From the entries below, report only the number of lines that contain the word "Green".

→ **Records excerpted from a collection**
□ □ □ □

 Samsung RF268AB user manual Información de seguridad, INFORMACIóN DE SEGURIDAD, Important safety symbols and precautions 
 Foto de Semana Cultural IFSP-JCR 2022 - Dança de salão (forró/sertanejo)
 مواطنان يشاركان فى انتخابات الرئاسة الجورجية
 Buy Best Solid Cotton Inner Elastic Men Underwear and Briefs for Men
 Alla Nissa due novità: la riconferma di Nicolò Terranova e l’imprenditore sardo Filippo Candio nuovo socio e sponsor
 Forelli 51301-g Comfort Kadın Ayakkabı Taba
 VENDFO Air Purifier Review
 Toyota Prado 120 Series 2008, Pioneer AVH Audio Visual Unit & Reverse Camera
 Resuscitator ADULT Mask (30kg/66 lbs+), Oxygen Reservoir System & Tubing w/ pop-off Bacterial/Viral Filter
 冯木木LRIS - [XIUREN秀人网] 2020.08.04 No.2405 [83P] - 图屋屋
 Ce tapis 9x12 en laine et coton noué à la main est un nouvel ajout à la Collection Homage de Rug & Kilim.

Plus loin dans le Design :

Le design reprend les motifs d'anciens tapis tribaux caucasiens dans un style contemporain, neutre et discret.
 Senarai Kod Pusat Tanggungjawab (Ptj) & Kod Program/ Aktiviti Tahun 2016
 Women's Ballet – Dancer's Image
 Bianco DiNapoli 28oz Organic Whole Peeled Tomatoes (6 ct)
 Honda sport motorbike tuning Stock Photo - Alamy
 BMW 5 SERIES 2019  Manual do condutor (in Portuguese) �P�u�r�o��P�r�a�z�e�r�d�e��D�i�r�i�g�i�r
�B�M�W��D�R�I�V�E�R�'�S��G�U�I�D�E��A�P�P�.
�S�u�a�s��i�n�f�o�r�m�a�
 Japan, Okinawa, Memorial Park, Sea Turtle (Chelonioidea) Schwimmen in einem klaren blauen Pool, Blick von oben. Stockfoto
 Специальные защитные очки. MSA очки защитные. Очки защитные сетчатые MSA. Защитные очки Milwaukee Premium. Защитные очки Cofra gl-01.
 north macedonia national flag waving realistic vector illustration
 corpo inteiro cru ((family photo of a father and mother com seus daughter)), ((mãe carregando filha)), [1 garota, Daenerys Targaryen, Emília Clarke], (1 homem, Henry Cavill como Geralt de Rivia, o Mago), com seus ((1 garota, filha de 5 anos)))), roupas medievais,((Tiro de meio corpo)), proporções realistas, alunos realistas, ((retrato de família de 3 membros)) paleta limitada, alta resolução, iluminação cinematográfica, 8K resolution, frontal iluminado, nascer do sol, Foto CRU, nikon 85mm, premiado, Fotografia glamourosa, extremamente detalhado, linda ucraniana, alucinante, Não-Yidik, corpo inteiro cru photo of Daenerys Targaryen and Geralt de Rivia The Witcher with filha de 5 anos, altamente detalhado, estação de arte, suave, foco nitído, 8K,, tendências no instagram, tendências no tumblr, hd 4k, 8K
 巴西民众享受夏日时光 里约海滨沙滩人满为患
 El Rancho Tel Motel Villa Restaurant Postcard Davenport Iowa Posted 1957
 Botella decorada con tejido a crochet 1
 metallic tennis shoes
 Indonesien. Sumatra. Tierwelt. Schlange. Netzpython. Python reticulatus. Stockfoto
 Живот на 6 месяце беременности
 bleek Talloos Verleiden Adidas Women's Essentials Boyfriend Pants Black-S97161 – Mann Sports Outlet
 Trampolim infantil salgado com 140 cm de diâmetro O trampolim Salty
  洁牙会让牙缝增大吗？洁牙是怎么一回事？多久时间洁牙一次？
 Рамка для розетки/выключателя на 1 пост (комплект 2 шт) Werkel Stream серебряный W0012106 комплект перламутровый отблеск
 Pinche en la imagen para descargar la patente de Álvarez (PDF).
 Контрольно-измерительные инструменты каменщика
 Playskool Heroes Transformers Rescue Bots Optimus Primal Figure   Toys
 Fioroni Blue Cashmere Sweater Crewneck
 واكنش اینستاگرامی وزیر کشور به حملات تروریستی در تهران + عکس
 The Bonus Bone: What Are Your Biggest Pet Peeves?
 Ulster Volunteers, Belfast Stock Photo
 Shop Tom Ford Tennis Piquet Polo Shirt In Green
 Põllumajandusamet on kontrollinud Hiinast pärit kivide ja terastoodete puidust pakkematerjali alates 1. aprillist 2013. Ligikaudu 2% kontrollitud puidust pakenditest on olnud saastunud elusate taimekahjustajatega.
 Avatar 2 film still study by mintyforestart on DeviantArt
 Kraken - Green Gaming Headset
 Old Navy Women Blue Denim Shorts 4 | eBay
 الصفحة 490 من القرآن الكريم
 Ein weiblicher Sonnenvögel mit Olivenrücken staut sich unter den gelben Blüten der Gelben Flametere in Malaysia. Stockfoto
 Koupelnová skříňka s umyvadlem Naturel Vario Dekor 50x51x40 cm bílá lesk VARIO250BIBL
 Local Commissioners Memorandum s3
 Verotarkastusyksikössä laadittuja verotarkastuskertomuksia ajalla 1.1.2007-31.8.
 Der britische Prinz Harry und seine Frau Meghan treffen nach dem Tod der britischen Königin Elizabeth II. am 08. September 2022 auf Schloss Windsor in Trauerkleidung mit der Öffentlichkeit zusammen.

□ □ □ □

→ **Output of the exercise**
2